Please output exactly the lines below, starting at the line that has "Abortion opponents know" and ending at the line that has "Cut-out letters on", both included; leave out all pictures and include nothing else.

# [Input for this task]
===============
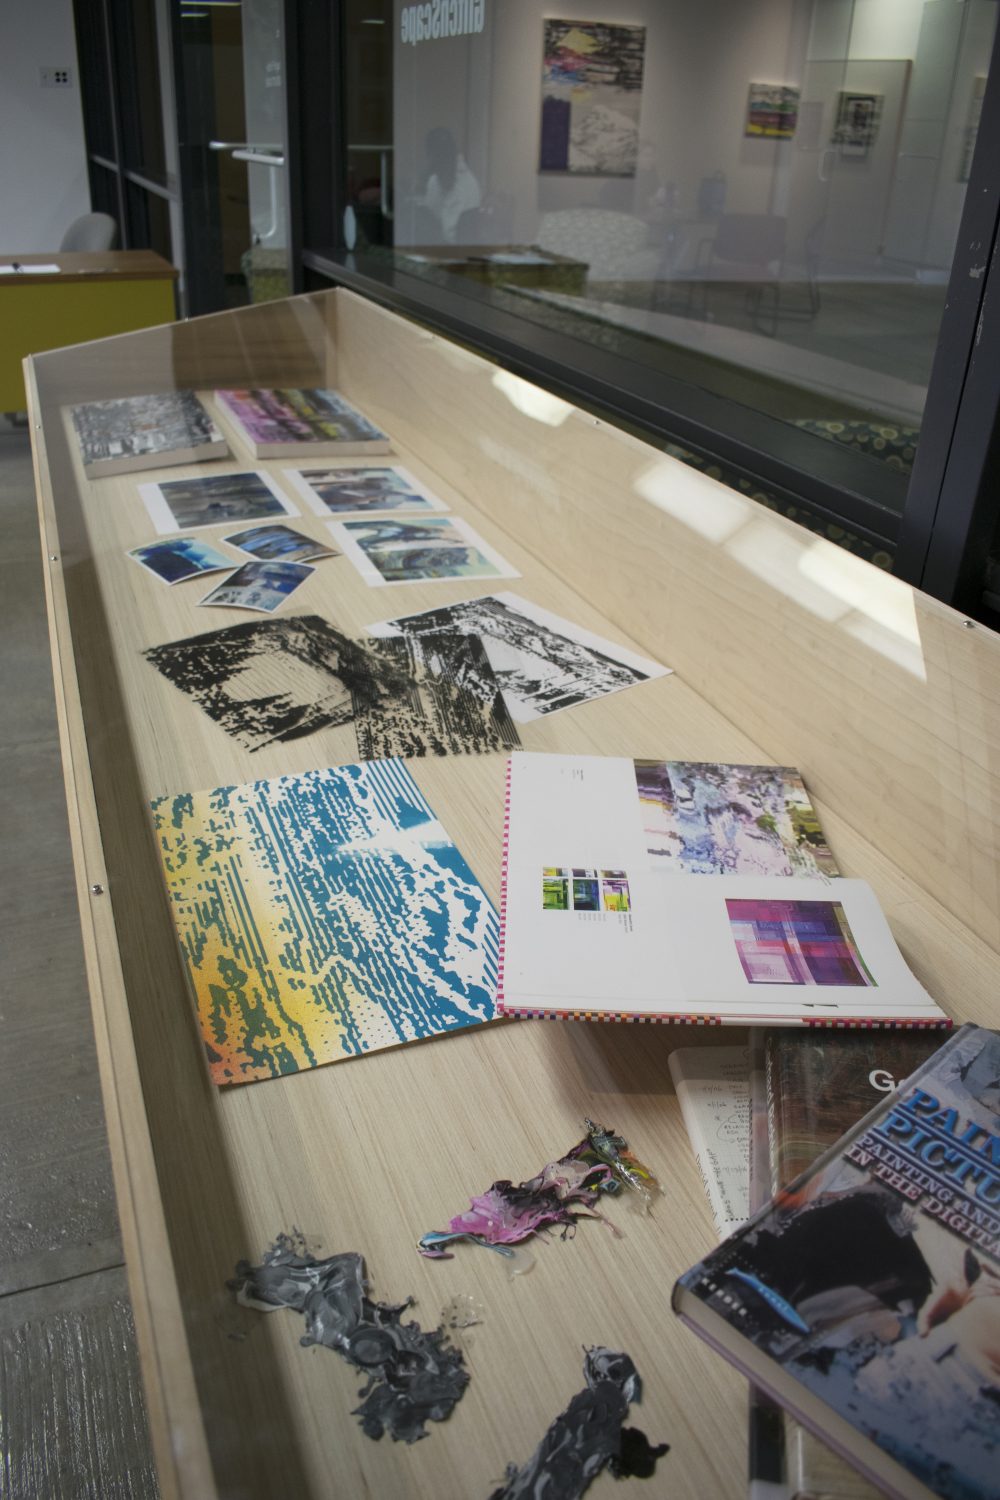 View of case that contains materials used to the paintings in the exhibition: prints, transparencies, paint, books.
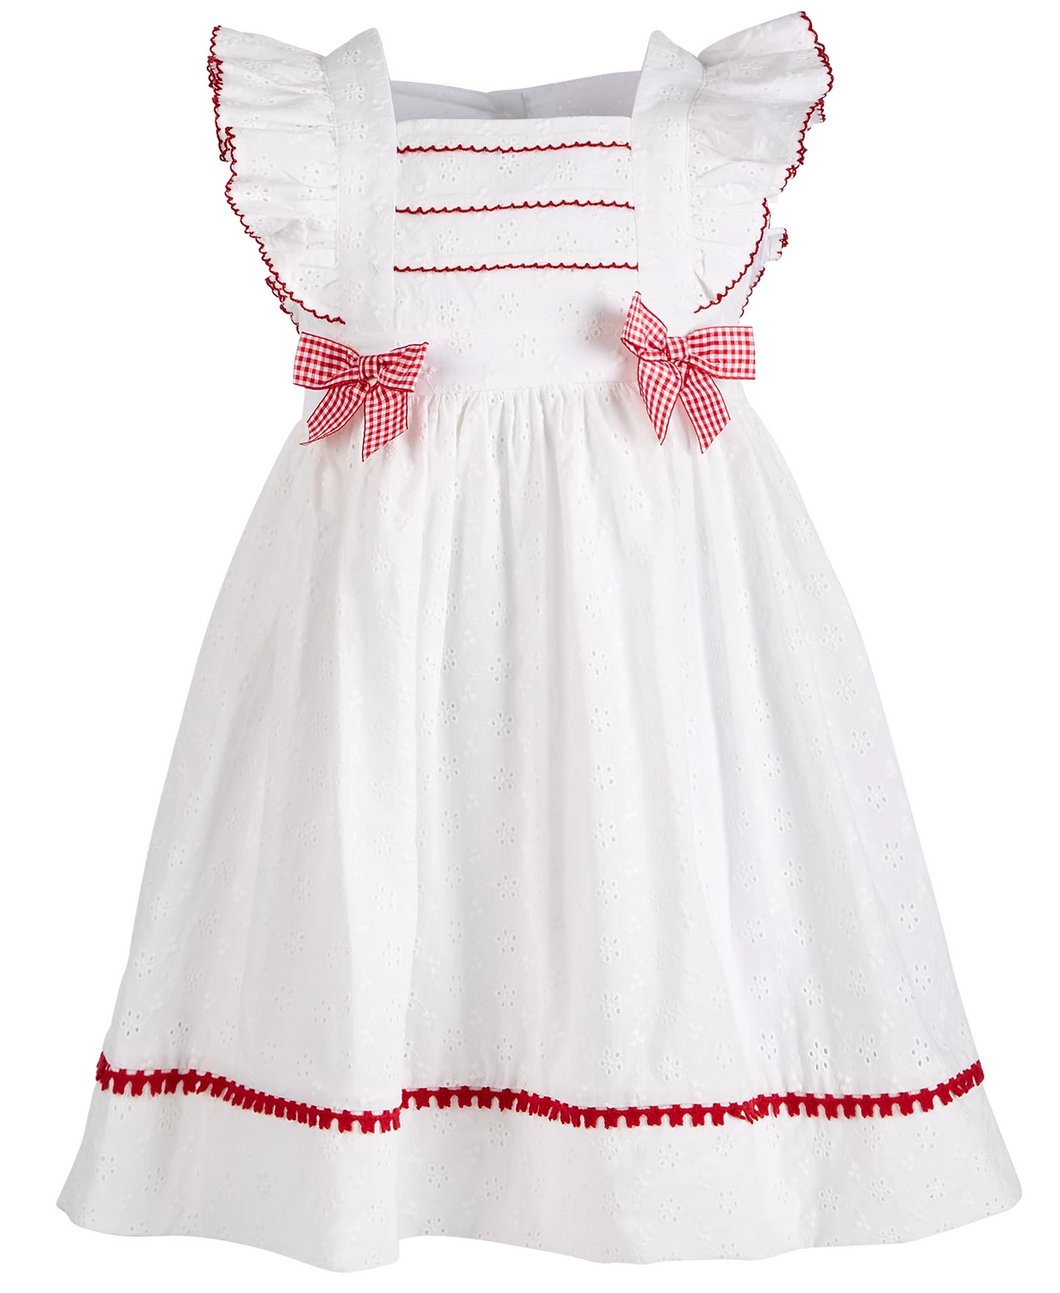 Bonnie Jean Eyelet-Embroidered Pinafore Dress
===============
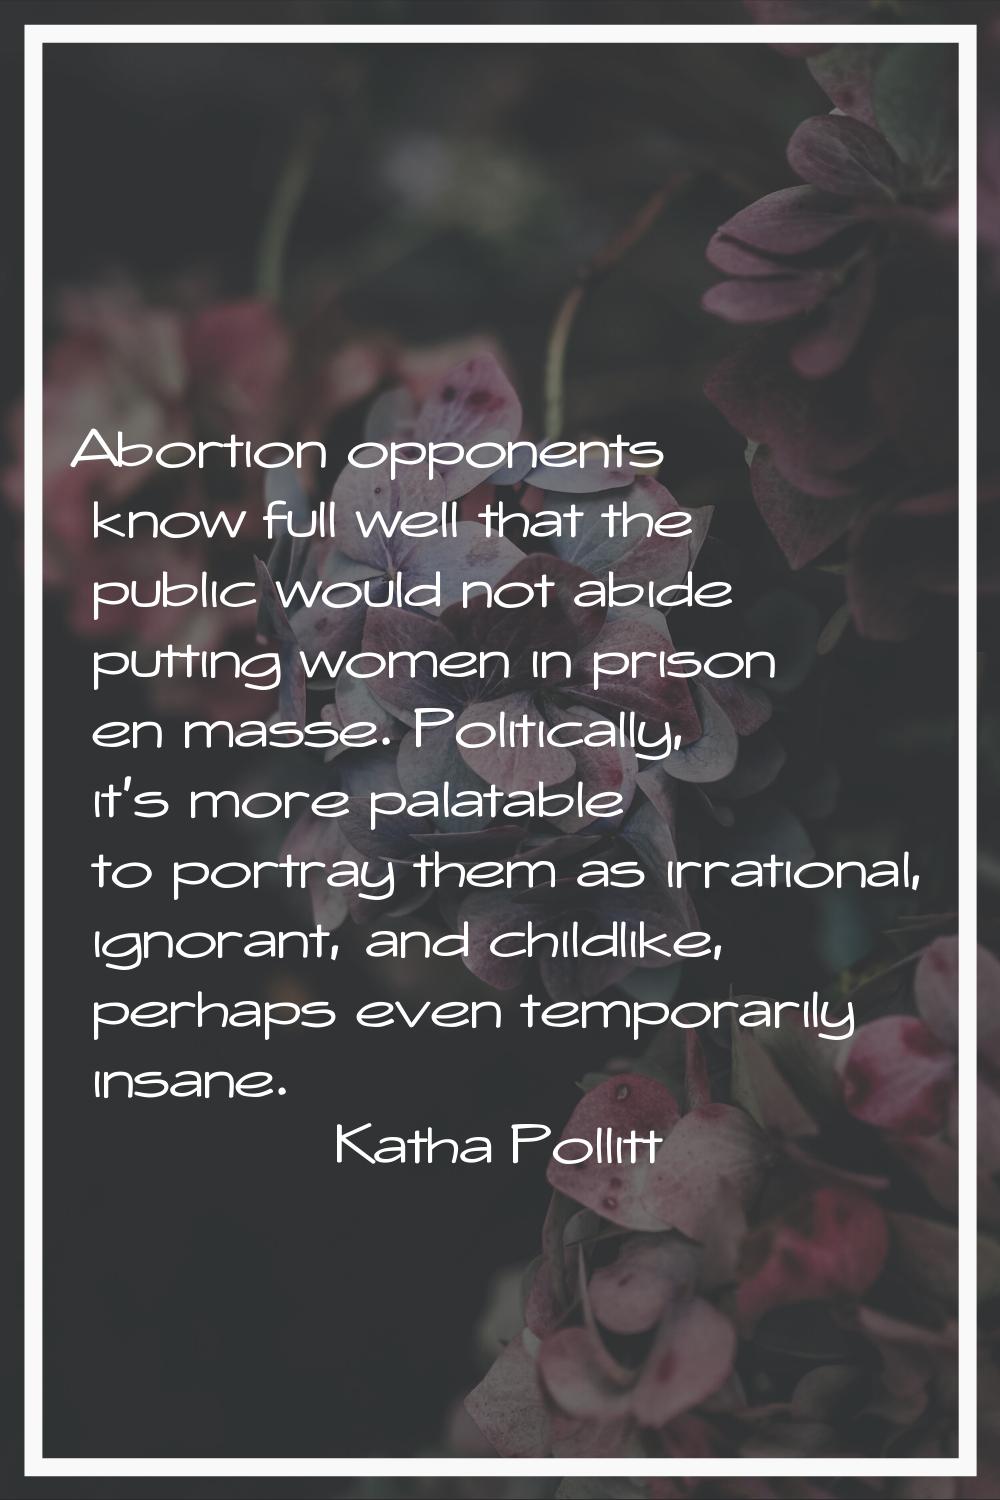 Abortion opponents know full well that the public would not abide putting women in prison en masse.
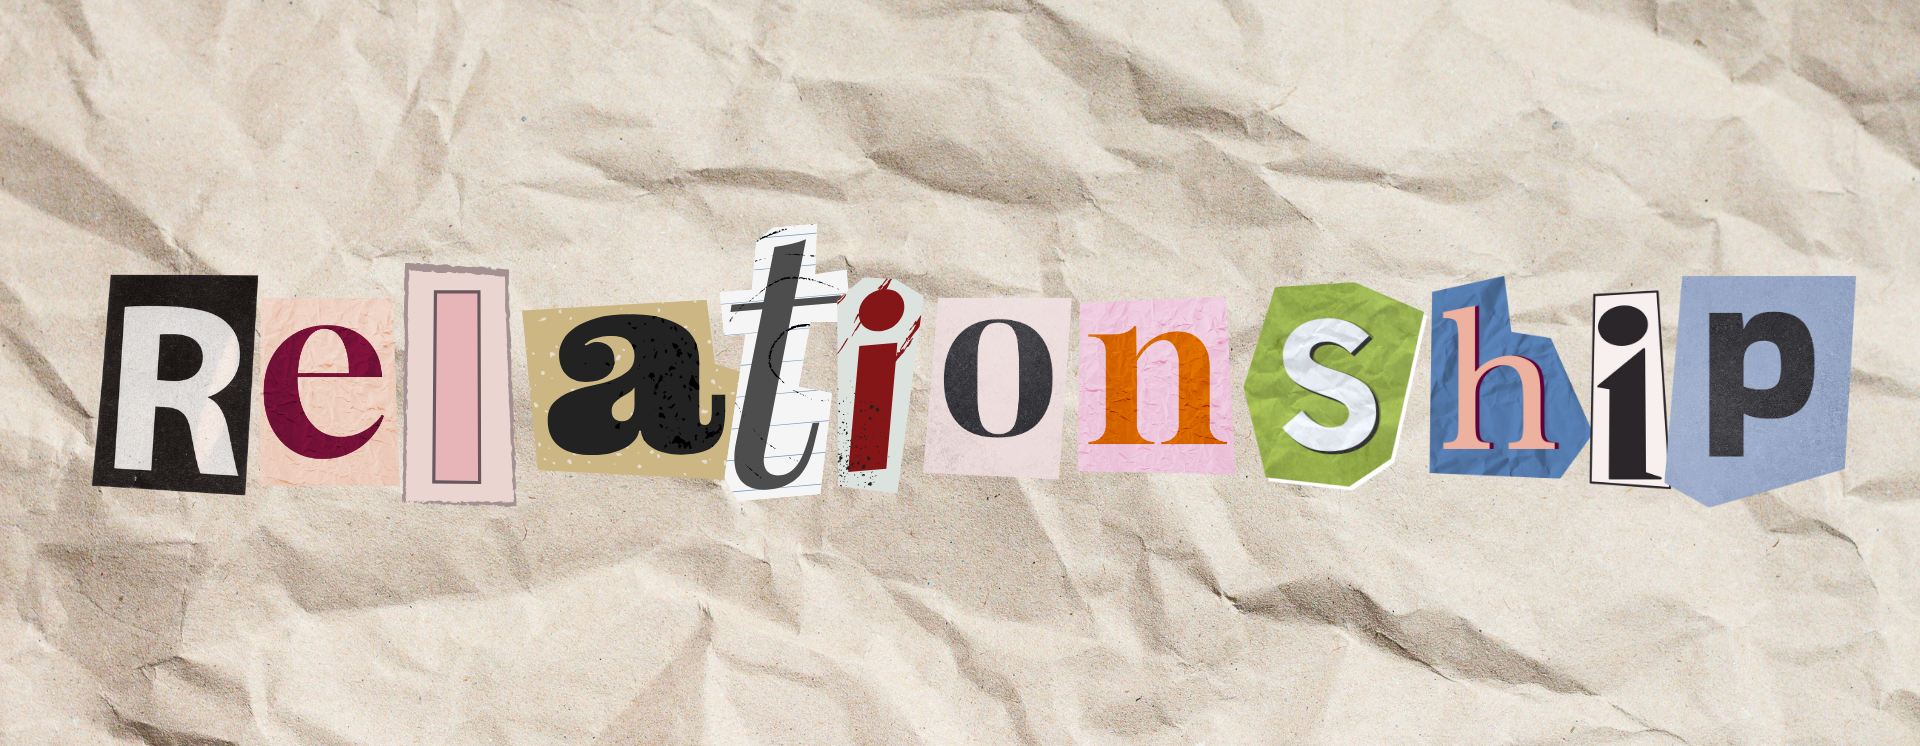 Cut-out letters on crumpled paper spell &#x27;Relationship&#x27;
===============
# [Solution to this problem]
 Abortion opponents know full well that the public would not abide putting women in prison en masse.
 Cut-out letters on crumpled paper spell &#x27;Relationship&#x27;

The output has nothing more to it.